Voice and Swallowing Function - Voice-Related Quality of Life Assessment (VRQOL)	Pre-treatment up to 1 year post surgery	The Voice-Related Quality of Life Tool is a 10 item list of possible voice-related problems. The participant answers 1-5 with 1 being none, not a problem to 5, problem is as bad as it can be. An algorithm is used to calculate the scores, so that sum scores range from 0 to 100, where 0 indicates poor V-RQOL and 100 indicates good V-RQOL
Estimate the Pathologic Complete Response Rate at the Primary Site and in the Neck Following Induction Chemotherapy	11 weeks	Pathologic complete response (pCR) is the disappearance of all signs of cancer in tissue samples removed during surgery or biopsy (pT0). Also called pathologic complete remission. Pathologic Partial Response (pPR), is the presence of only non-invasive cancer in tissue samples (\<pT2)

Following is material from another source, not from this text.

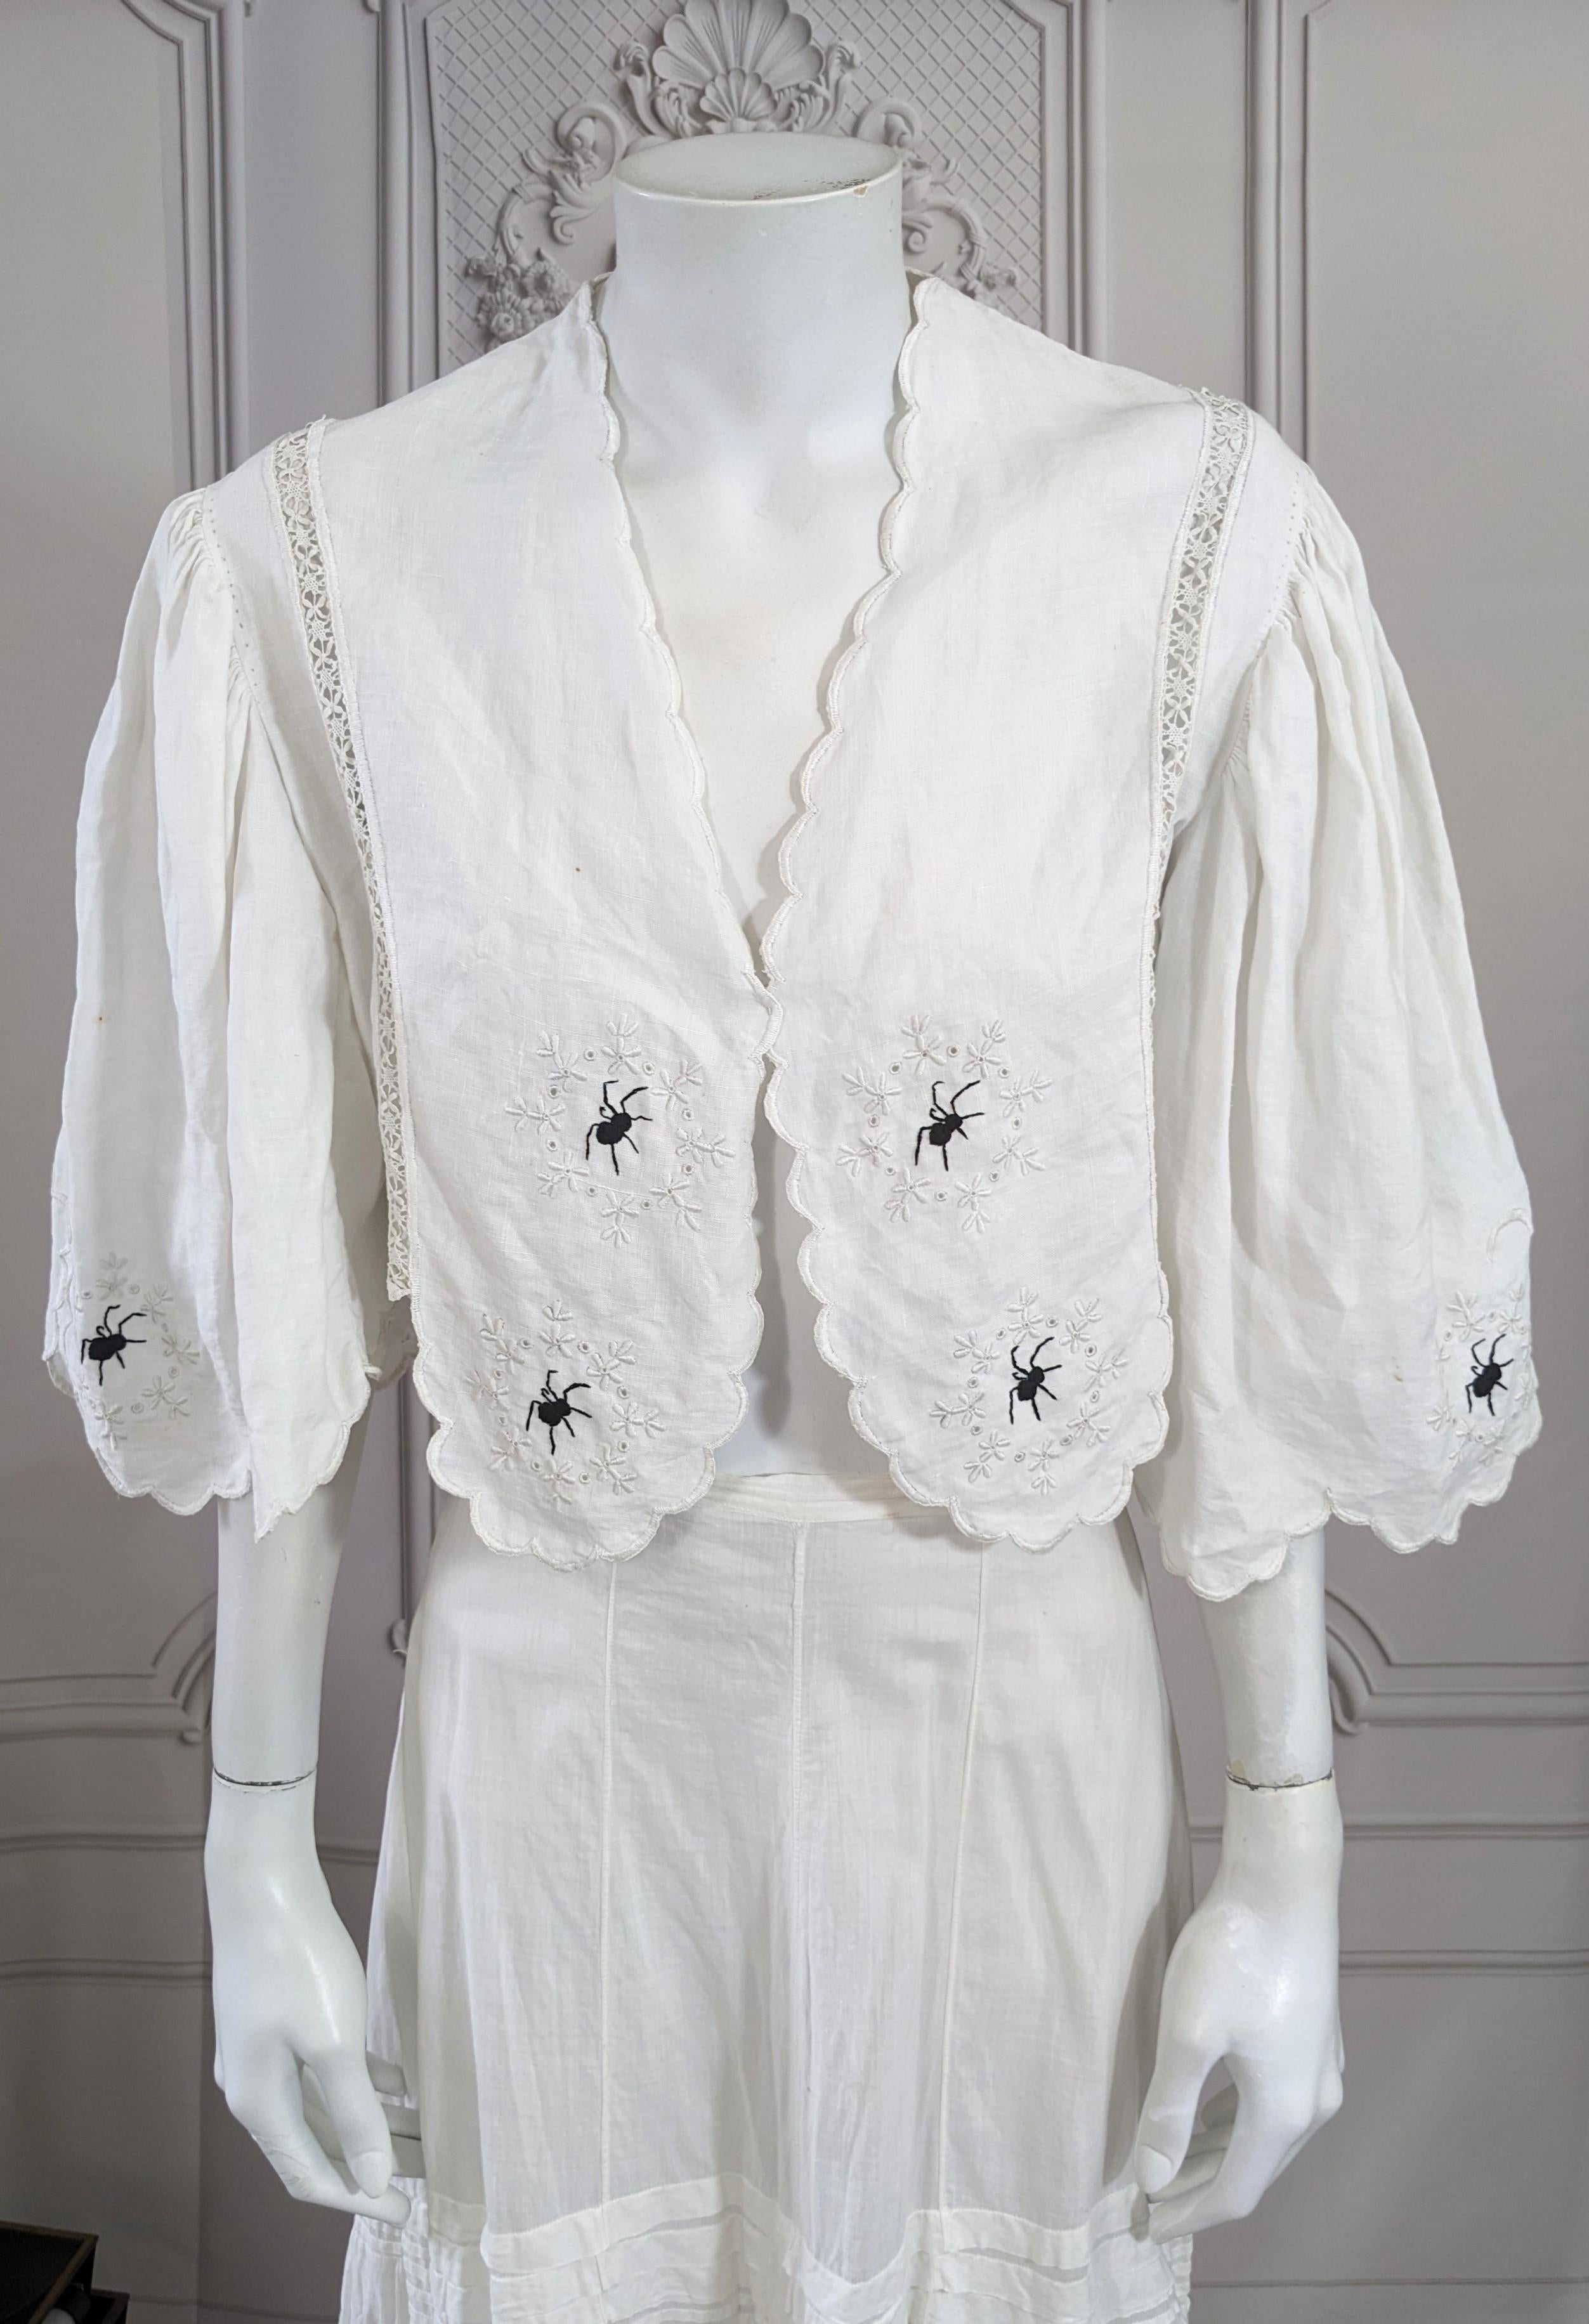 Upcycled Victorian Linen Spider Bolero by Studio VL. We have hand embroidered a series of tiny black spiders within each original embroidered cartouche on the body and along the hems of sleeves. Very full bell sleeves in full bodied linen. No

Response Rates at the Primary Site	11 weeks	Evaluation of target lesions through tumor imaging (CT scan, MRI, and/or chest x-ray) at 3-5 weeks post induction chemotherapy. Overall response rate will be based on RECIST criteria. Per Response Evaluation Criteria In Solid Tumors Criteria (RECIST v1.0) for target lesions and assessed by MRI: Complete Response (CR), Disappearance of all target lesions; Partial Response (PR), \>=30% decrease in the sum of the longest diameter of target lesions.
Number of Subjects Who Experience Grade 3/4 Adverse Events According to CTCAE 4.0	18 weeks	The NCI Common Terminology Criteria for Adverse Events is a descriptive terminology which can be utilized for Adverse Event (AE) reporting. A grading (severity) scale is provided for each AE term. Grade 1 Mild; asymptomatic or mild symptoms; clinical or diagnostic observations only; intervention not indicated. Grade 2 Moderate; minimal, local or noninvasive intervention indicated; limiting age-appropriate instrumental Activities of Daily Living (ADL). Grade 3 Severe or medically significant but not immediately life-threatening; hospitalization or prolongation of hospitalization indicated; disabling; limiting self care ADL. Grade 4 Life-threatening consequences; urgent intervention indicated. Grade 5 Death related to AE.
the Kinome Response to Induction Chemotherapy	11 weeks	Describe the kinome response to induction chemotherapy (lapatinib, paclitaxel, and carboplatin) in patients who consent to this optional evaluation via co-enrollment in LCCC0121
Response Rates at the Neck.	11 weeks	Evaluation of target lesions through tumor imaging (CT scan, MRI, and/or chest x-ray) at 3-5 weeks post induction chemotherapy. Overall response rate will be based on RECIST criteria. Per Response Evaluation Criteria In Solid Tumors Criteria (RECIST v1.0) for neck lesions and assessed by MRI: Complete Response (CR), Disappearance of all target lesions; Partial Response (PR), \>=30% decrease in the sum of the longest diameter of target lesions.